Met. After washing with water, the substrate was immersed in a 10% aqueous solution of sodium hydroxide at 70 ° C. to perform etching so that the amount of aluminum dissolved was 6 g / m ² . After washing with water, it was immersed in a 3% aqueous solution of nitric acid for 1 minute to neutralize, and sufficiently washed with water. Then,
Electrolytic surface roughening was performed for 20 seconds in a 0.7% nitric acid aqueous solution using a rectangular wave alternating waveform with a voltage of 6 volts at the anode (power supply waveform described in Example of Japanese Patent Application Laid-Open No. 58-5795). The surface was washed by immersion in 20% sulfuric acid at 20 ° C. and then washed with water. Further, a porous anodic oxidation treatment was performed in a 20% sulfuric acid aqueous solution using a direct current to prepare a substrate 5. At this time, the weight of the anodic oxide film was 2.5 g / m ² . Thereafter, the substrate 5 was subjected to No. 3 sodium silicate 2.5 wt%, 70 ° C.,
After dipping for 4 seconds, the substrate was washed with water to obtain a substrate 6. In the same manner as in Example 2, the following inorganic particles B having a hydroxyl group were synthesized. B
Is ethyl silicate: ethanol: water: nitric acid at a weight ratio of 1
It is formed by adjusting the ratio to 0: 73: 2: 0.1 and reacting at room temperature for 4 hours, and controlling the particle diameter of the inorganic particles to about 30 angstroms. This solution was applied to the surface of the anodic oxide film by a spin coating method on the substrate 5, and the pores were filled with inorganic particles. 100 ° C., after fixing the inorganic particles into the pores by heat treatment for 10 minutes, the 40 ° C. 1Mo
The substrate 7 was immersed in a 1% aqueous solution of potassium hydrogen carbonate for 60 minutes to dissolve the film formed from the inorganic particles on the anodized film, and washed with water to prepare a substrate 7. In this way, the photosensitive layer having the following composition was applied so that the coating weight after drying was 2.0 g / m ² with and without the inorganic particles in the pores to form a photosensitive layer.

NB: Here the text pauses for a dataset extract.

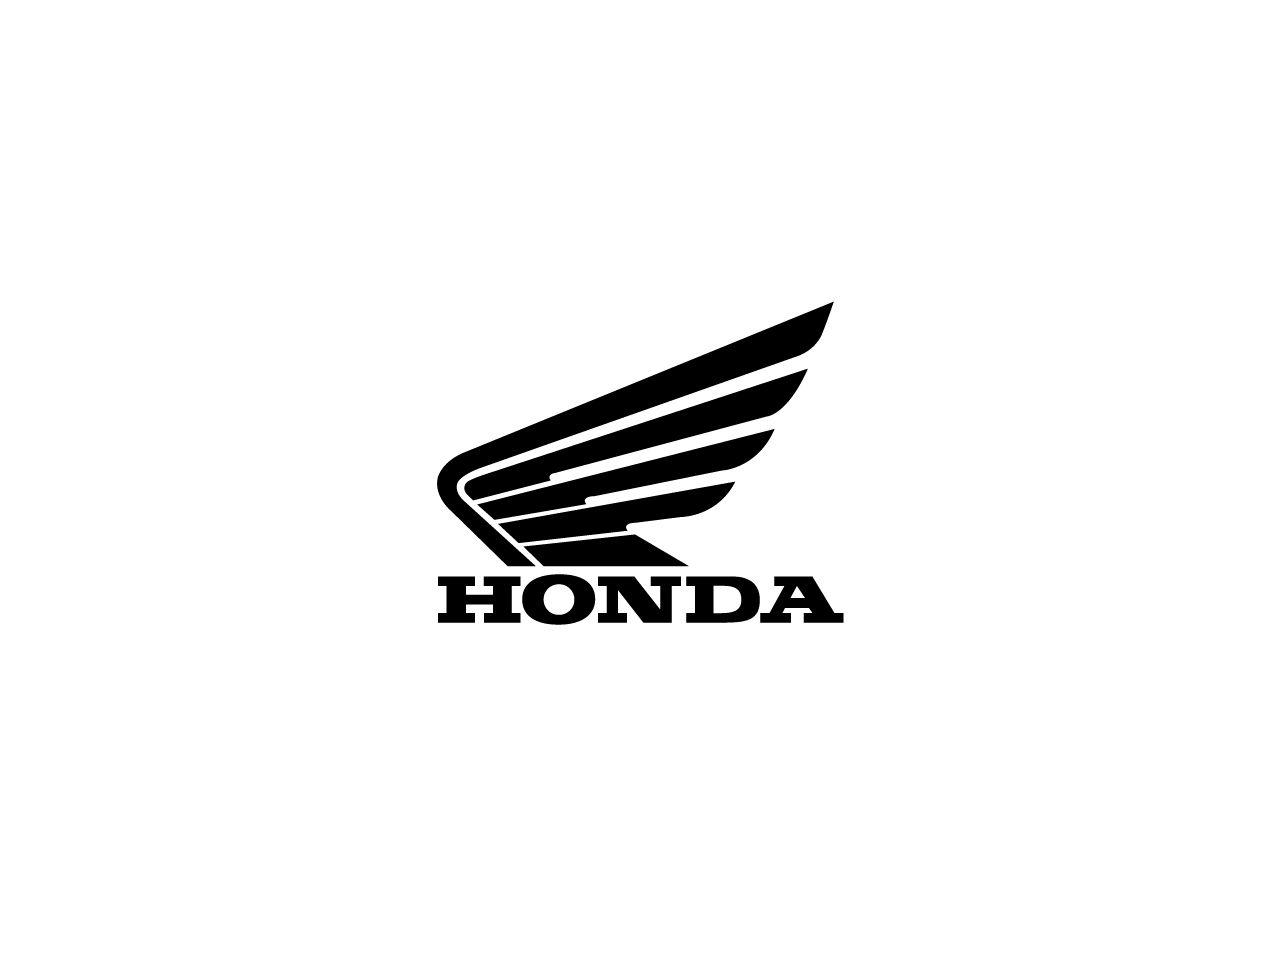 Honda ATV and Motorcycle Logo - Honda wing Logos

Negative photosensitive layer formulation Lipophilic polymer compound (2-hydroxyethyl methacrylate copolymer) 5.0 g diazo resin (condensate of p-diazodiphenylamine and p-formaldehyde 0.5 g) Victoria Pure Blue BOH 0.15 g dipicolinic acid 0.15 g phosphorous acid 0.1 g water 5.0 g 1-methoxy-2-propanol 45.0 g methyl ethyl ketone 50.0 g Plates that do not contain inorganic particles in the pores of the anodized film In addition, the non-image area was extremely stained, and it was difficult to print because it was difficult to maintain the balance between water and ink. However, the plate containing the inorganic particles in the pores of the anodic oxide film did not cause any contamination of the non-image area.

Continuation of front page (58) Fields surveyed (Int.Cl. ⁶ , DB name) B41N 3/03 G03F 7/00 503

Claims (2)

(57) [Claims] 1. Production of an aluminum support for a lithographic printing plate containing inorganic particles having hydroxyl groups in pores of an anodized film.
The method according to claim 1 , wherein the inorganic particles having a hydroxyl group on the anodized film.
Apply inorganic particles or contain inorganic particles having hydroxyl groups
Immerse the anodized aluminum plate in the solution
A manufacturing method characterized in that: Wherein the inorganic particles is obtained by hydrolysis and polycondensation of organic or inorganic metal compounds in a liquid The process of claim 1 wherein.